Accueil > Actualités > Séminaires > Séminaire de Sabine Undorf


Titre : Anthropogenic sulphate aerosols and multi-decadal Atlantic SST variations during the twentieth century
Nom du conférencier : Sabine Undorf
Son affiliation : Université d'Edimbourg (UK)
Laboratoire organisateur : LOCEAN
Date et heure : 20-11-2018 11h00
Lieu : SU- Campus Jussieu - 4 palce Jussieur - salle de réunion LOCEAN, tour 45/55, 4eme étage
Résumé :

Low-frequency sea surface temperature (SST) variations in the North Atlantic have substantial impact on regional and global climate. Identification of the mechanisms driving these variations is therefore critical for improving decadal  predictions, but also for assessing future long-term projections of ocean circulation feedbacks. These mechanisms however are still poorly understood; a key challenging issue is the extent to which observed historical SST changes were modulated by internal variability or by external forcing. The role of anthropogenic aerosol forcing is particularly controversial, and often overlooked in this is the potential role of the ocean in generating not only internal variability, but also feedbacks to atmospheric forcing. In this talk, I will show the impact of historical (1850-1975) anthropogenic sulphate aerosols on key features of the Atlantic climate in the coupled Community Earth System model. Using multi-member ensemble experiments, the impacts of emissions from North America and Europe, the major historical emission regions, are contrasted. The results  show that aerosols from either source cause a long-term cooling of North Atlantic SSTs. The SST changes result from a combination of atmospheric aerosol effects -interactions of the aerosols with solar radiation and with clouds cool the surface- and an aerosol-induced strengthening of the Atlantic Meridional Overturning Circulation (AMOC). The response to North American emissions is larger than that to European emissions, since for North American emissions the prevailing wind pattern results in a larger aerosol spread over the Atlantic, collocated with high climatological cloud cover. Emissions from either source cause a southward shift of the Inter-Tropical Convergence Zone, affecting tropical precipitation globally.

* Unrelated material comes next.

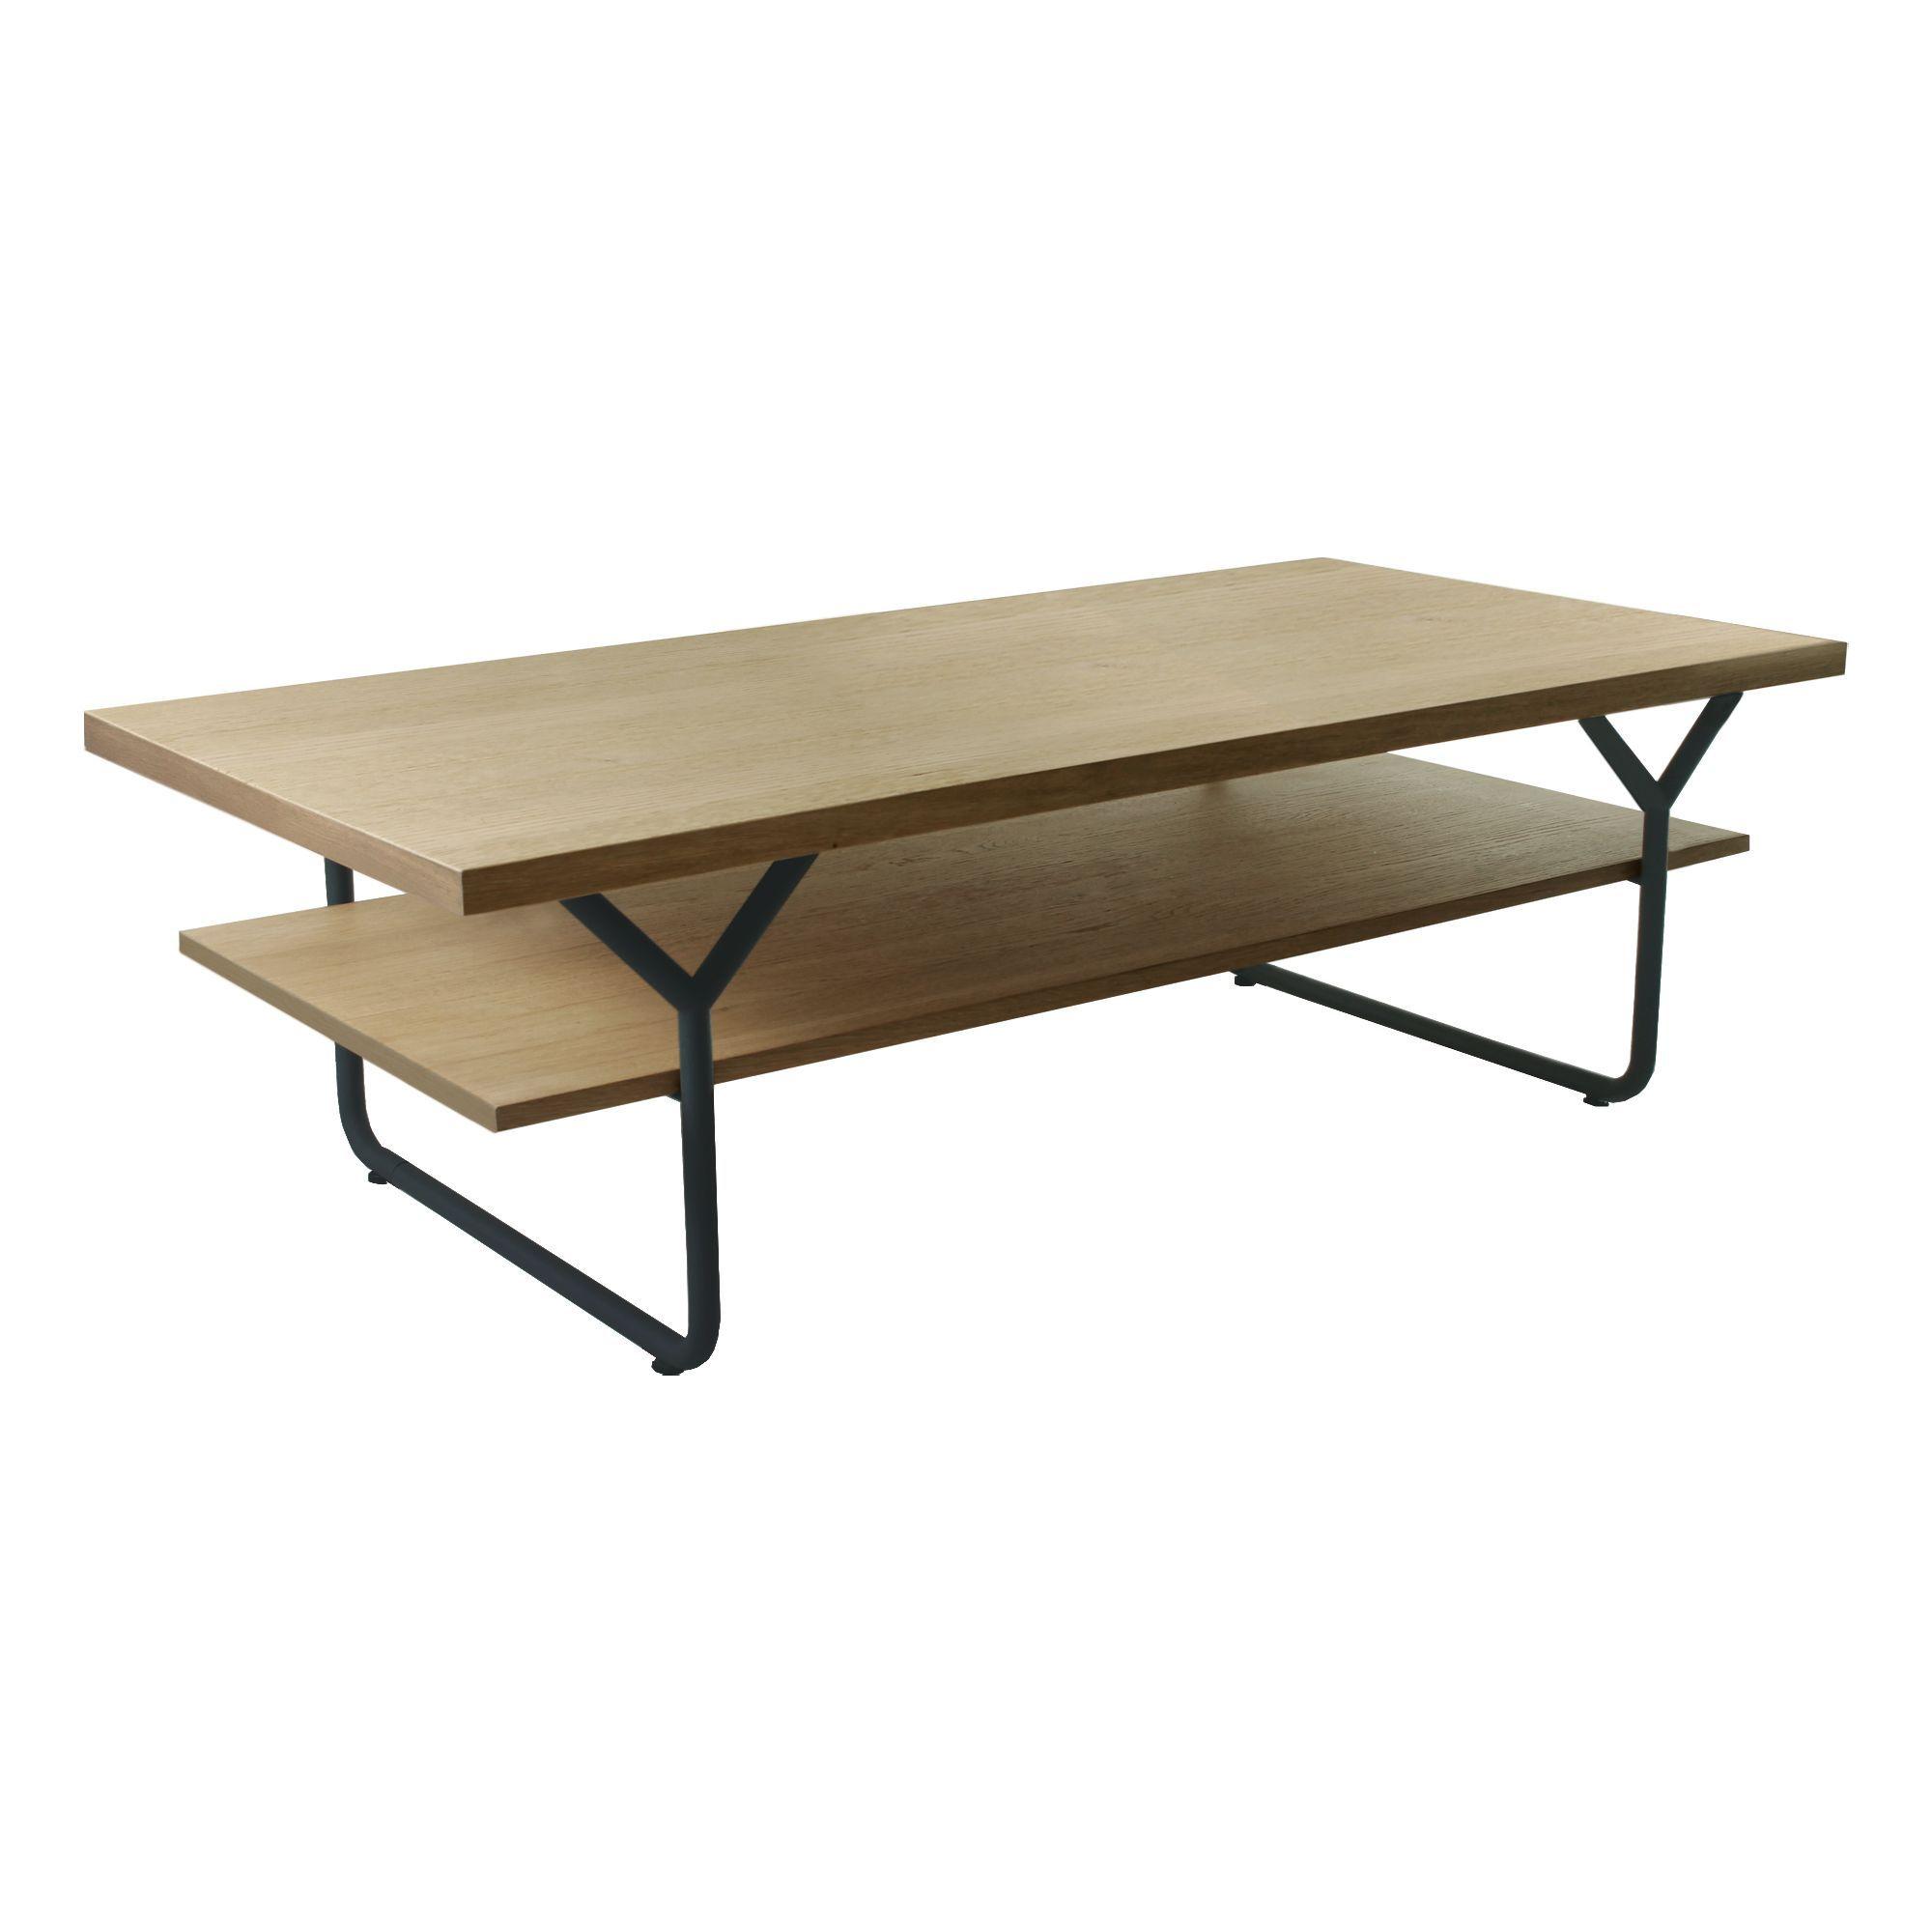 Table Basse En Acier Et Placage Chêne Chêne Naturel ... à Table Basse Alinea
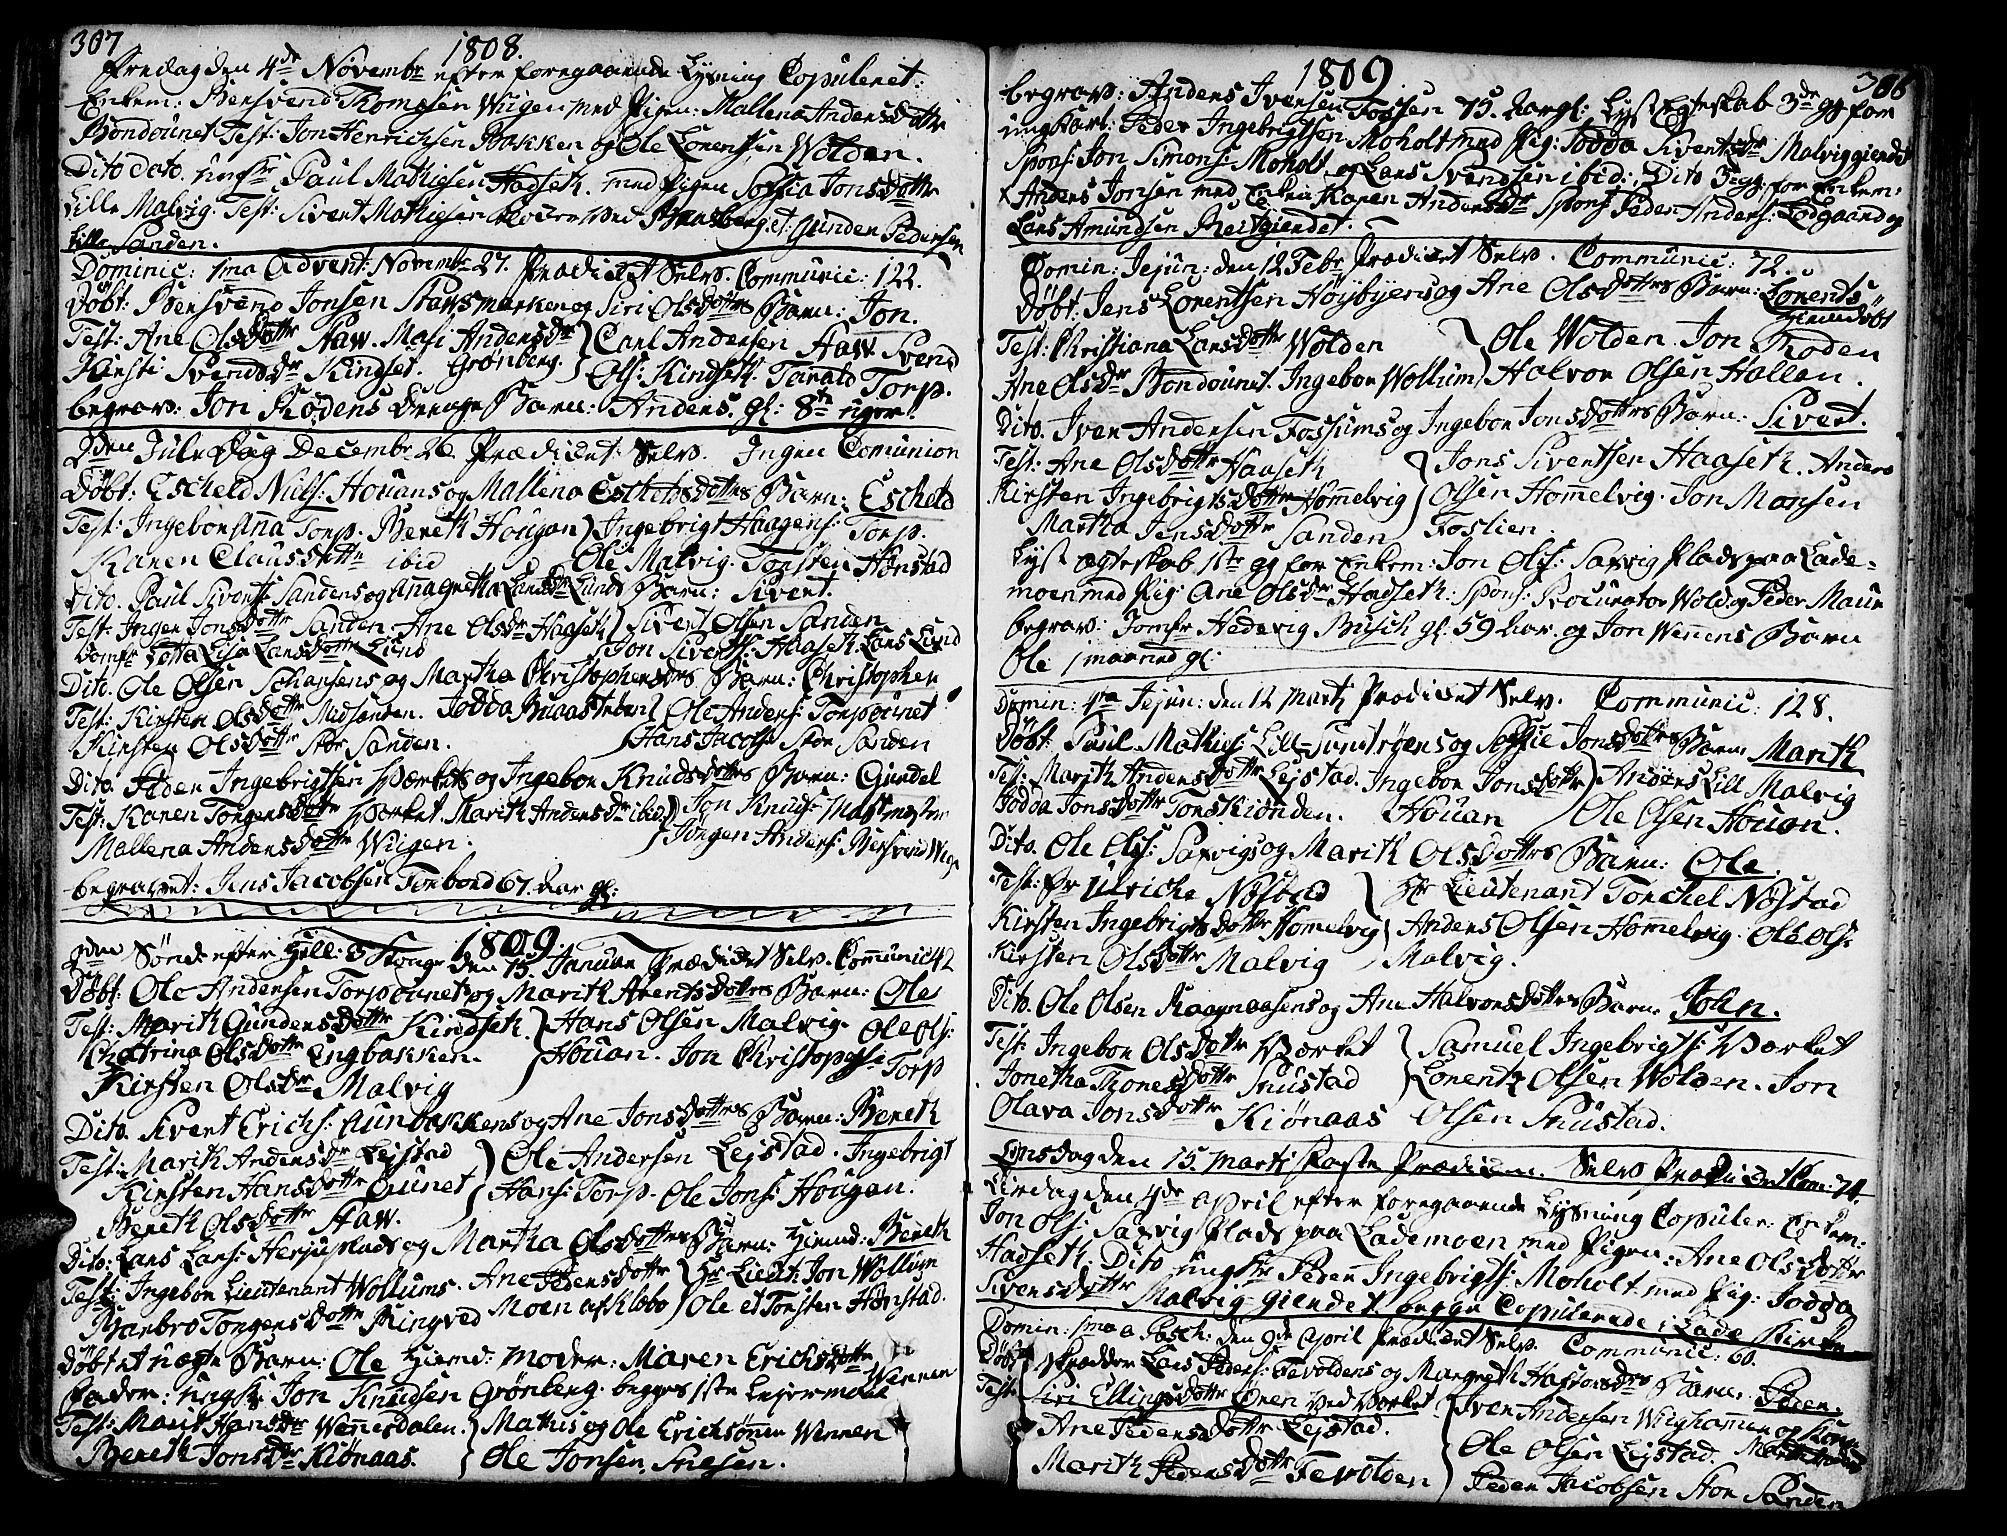 SAT, Ministerialprotokoller, klokkerbøker og fødselsregistre - Sør-Trøndelag, 606/L0281: Ministerialbok nr. 606A02 /2, 1781-1817, s. 307-308

Preliminary findings on the suppression of Tropical Hurricane frequency and a north-eastward shift of extra-tropical storms over Europe highlight further the relevance of aerosol-induced changes for societies and ecosystems neighbouring the Atlantic. The analysis provides novel insights into the mechanisms of aerosol impact on the Atlantic, and allows more general conclusions on the role of external forcing on the (multi)decadal components of SST and AMOC variability in a state-of-the-art model.